» Task to complete:
These records contain pictures, which must be left out; copy exactly the lines from the one with "Tasse aus KPM-Porzellan" up to and including the one with "Die KPM (Königliche".

» Data:
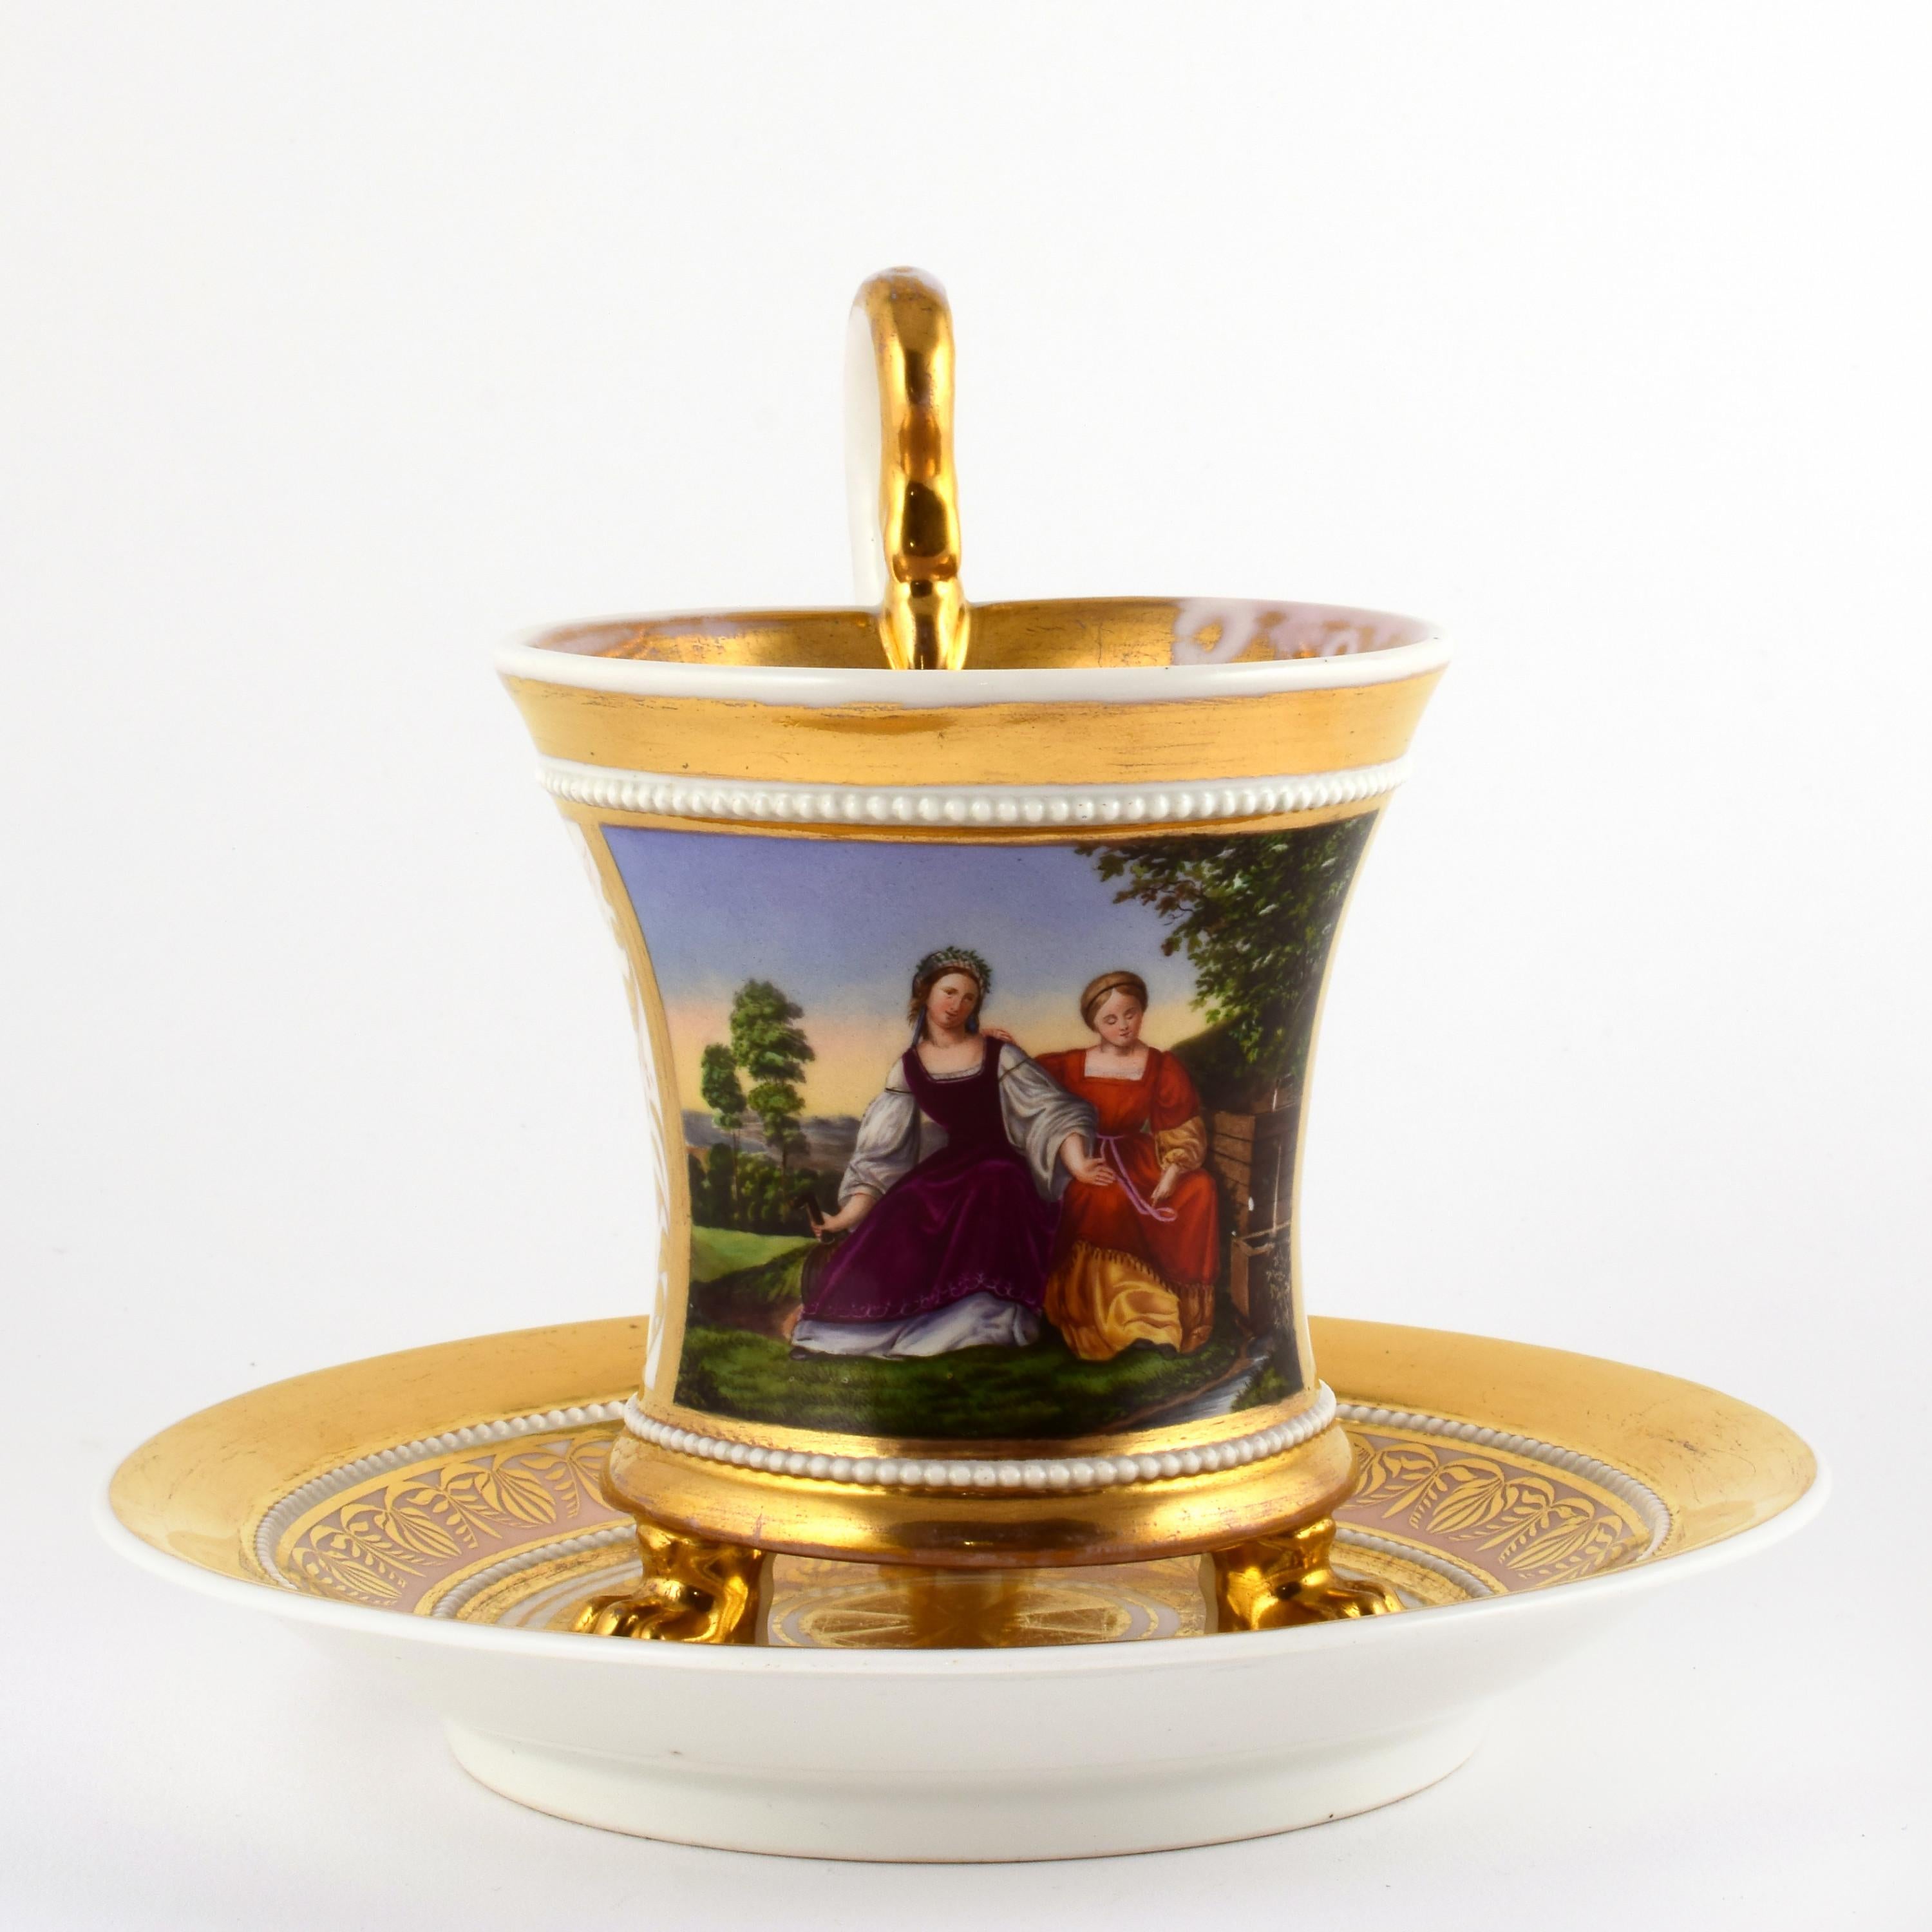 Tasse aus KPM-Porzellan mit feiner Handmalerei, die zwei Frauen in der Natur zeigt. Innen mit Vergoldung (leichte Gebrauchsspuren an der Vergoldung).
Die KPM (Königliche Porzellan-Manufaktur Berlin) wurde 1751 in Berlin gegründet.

==

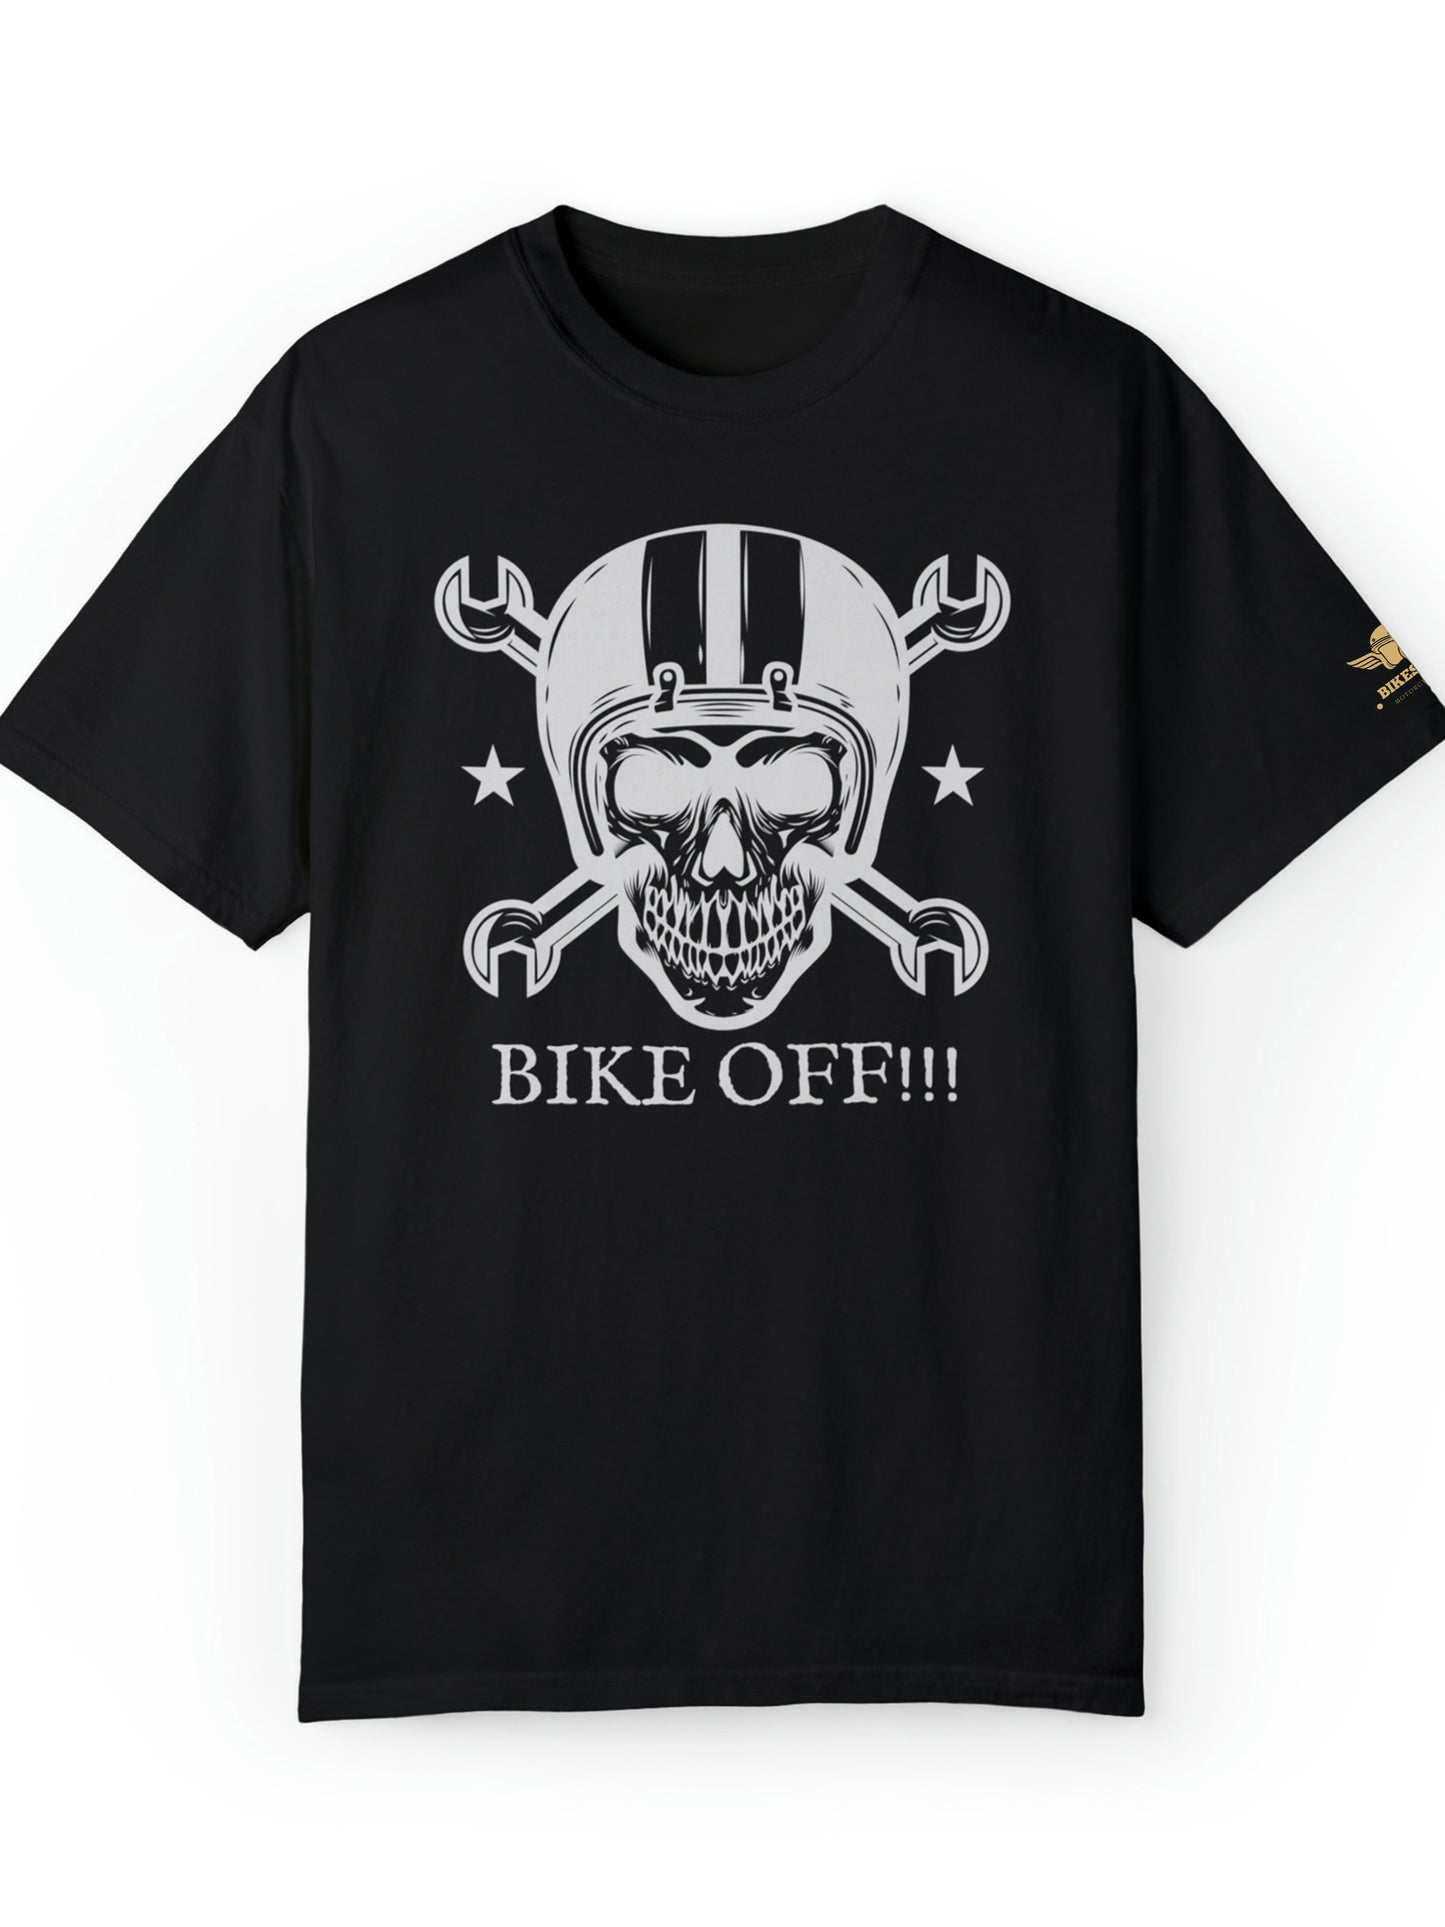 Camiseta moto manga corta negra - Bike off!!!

» Task output:
 Tasse aus KPM-Porzellan mit feiner Handmalerei, die zwei Frauen in der Natur zeigt. Innen mit Vergoldung (leichte Gebrauchsspuren an der Vergoldung).
Die KPM (Königliche Porzellan-Manufaktur Berlin) wurde 1751 in Berlin gegründet.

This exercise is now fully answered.